# New at Turkey hunting...



## Wishiniwasfishing (Apr 1, 2012)

Would using a compound bow or cross bow be inefficient for turkey hunting? 


Posted using Outdoor Hub Campfire


----------



## Guest (Apr 17, 2013)

Not at all...people do it all the time. The biggest challenge is to get yourself set up to allow for you to draw and get a shot without spooking a bird. The movement can make it tough with a compound. Many people use blinds. I guess a crossbow would eliminate some of the movement issues.


----------



## icefisherman4life (Aug 5, 2007)

My cousin got both of his with his crossbow last year. It was his first year trying it. He did it out of a blind.


----------



## Wishiniwasfishing (Apr 1, 2012)

Sounds good to me I'm gonna try on alums public hunting land Monday morning hopefully it's not packed 


Posted using Outdoor Hub Campfire


----------



## Fish-N-Fool (Apr 12, 2004)

Be careful on Monday at Alum - I'd hang a nice orange flag on my blind at the minimum; even better if you have orange tape and a flag to make sure folks can see ya. I've had folks sneak in on me several times over the years on private and public land.....never any close calls, but just be careful.
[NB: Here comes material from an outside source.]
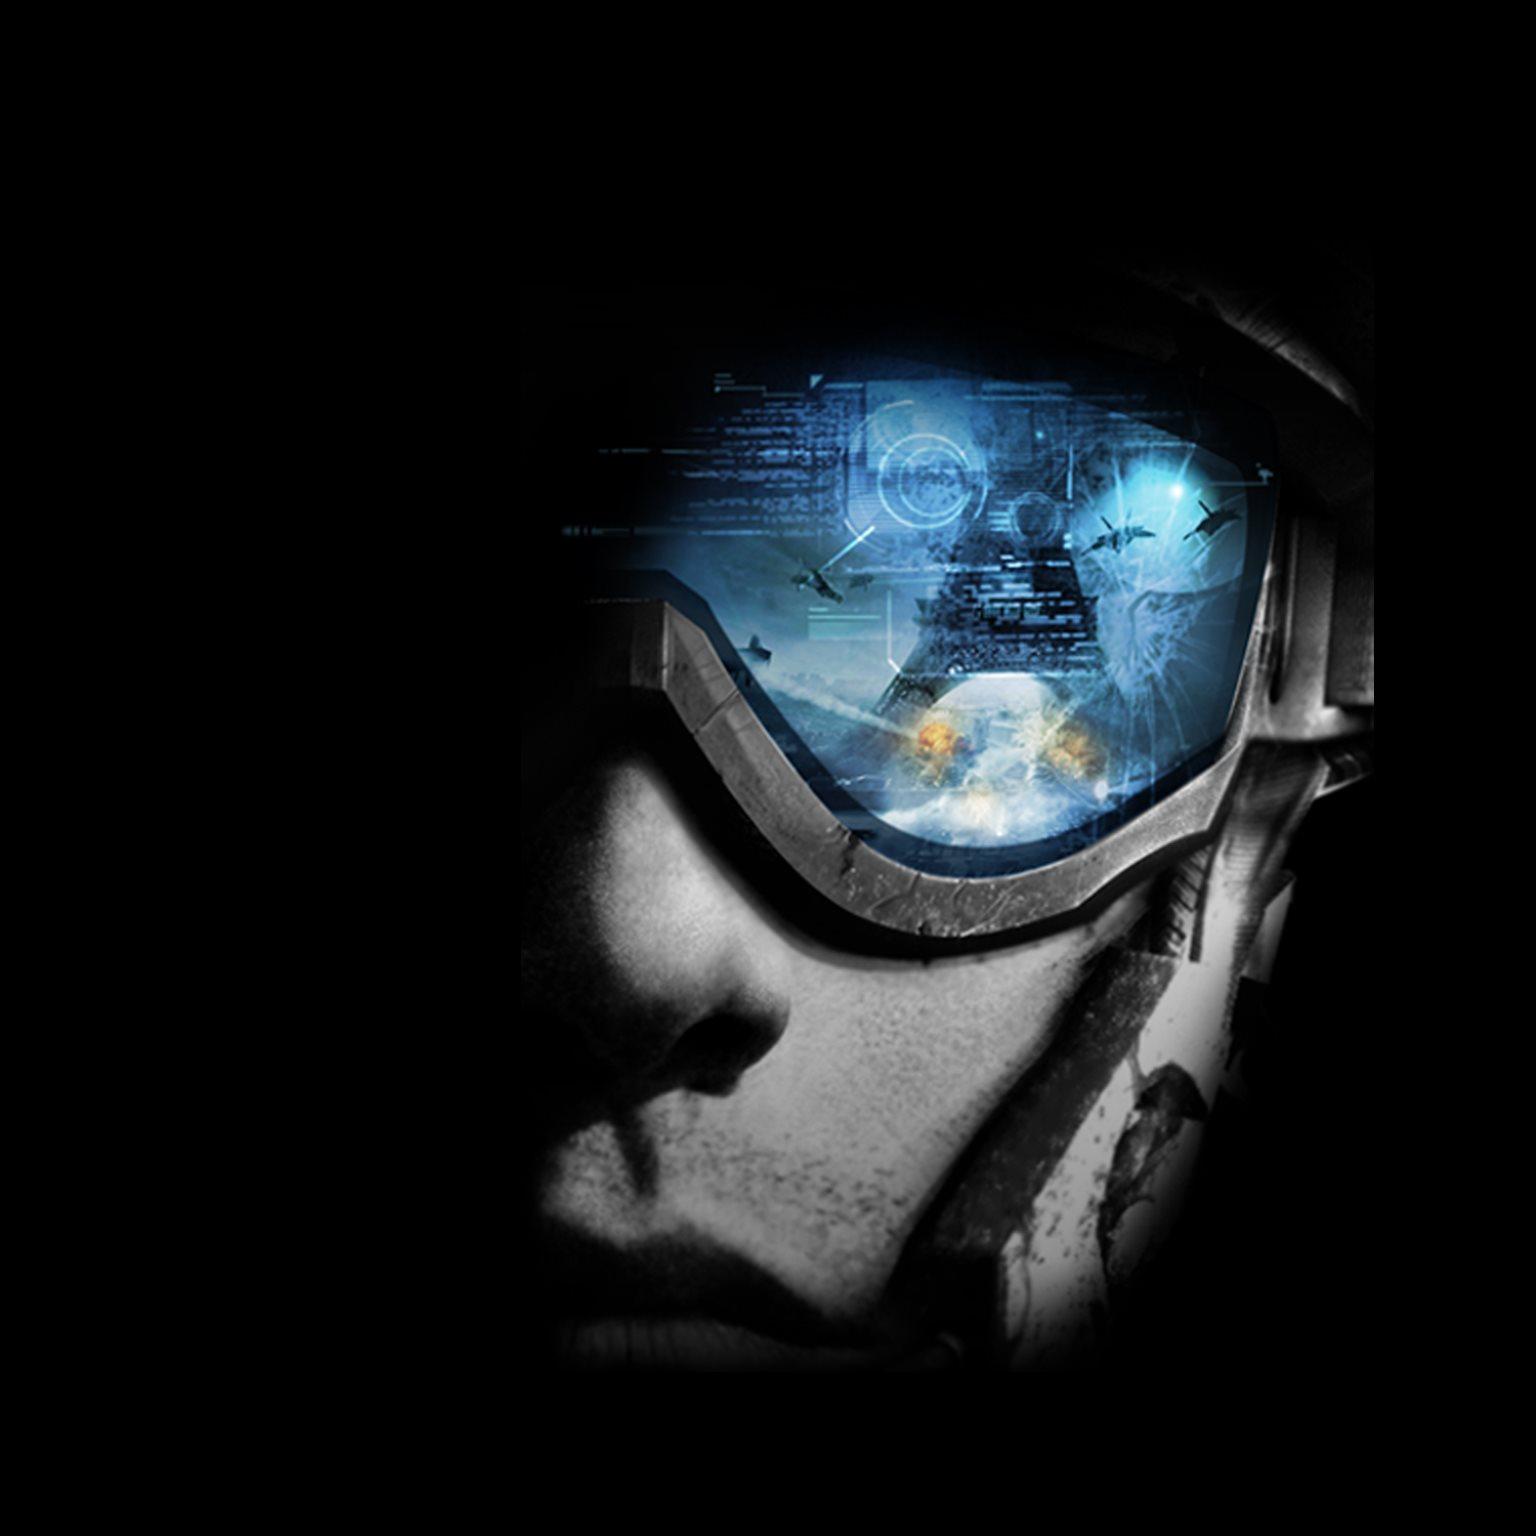 Hd wallpaper 3 tom clancy s endwar online - The 3rd Hd Wallpaper From Tom Clancy S Endwar Online

Sorry for the safety rant, but turkey season always makes me a bit nervous by the nature and time of year we hunt them.

Good luck!


----------



## Wishiniwasfishing (Apr 1, 2012)

Yeah thanks for the warning I am pretty nervous about that but we will see


Posted using Outdoor Hub Campfire


----------



## the_ghost (May 5, 2011)

I didn't know Alum had turkeys? After your hunt please do share your experience. 
I have to say the thought of bow hunting deer crossed my mind. But everyone had me spooked with the Hogback road stories!


----------



## billorp (Aug 25, 2007)

I took my 16 year old son out yesterday morning. We had turkey going crazy as soon as day light hit. He has got 2 jakes the last couple of years, but yesterday he bagged his first gobbler after only waiting 24 minutes. 22 pounds with a 10" beard and 1 1/4" spurs. I don't know who was happier, him or me!


----------



## the_ghost (May 5, 2011)

billorp said:


> I took my 16 year old son out yesterday morning. We had turkey going crazy as soon as day light hit. He has got 2 jakes the last couple of years, but yesterday he bagged his first gobbler after only waiting 24 minutes. 22 pounds with a 10" beard and 1 1/4" spurs. I don't know who was happier, him or me!


Great job! I can't imagine how proud you must be. 
My son is just 2 weeks old. I hope to experience that happiness someday before I get too old. 
I can't get my girls to hunt but my 8 year old would go fishing. As long as I get her a happy meal afterwards.


Posted using Outdoor Hub Campfire


----------



## billorp (Aug 25, 2007)

ghost, been there done that. when my son was younger, chicken Mc nuggets were the only way I could get him to join me for fishing or hunting. Thank God he grew out of that!! Good luck!


----------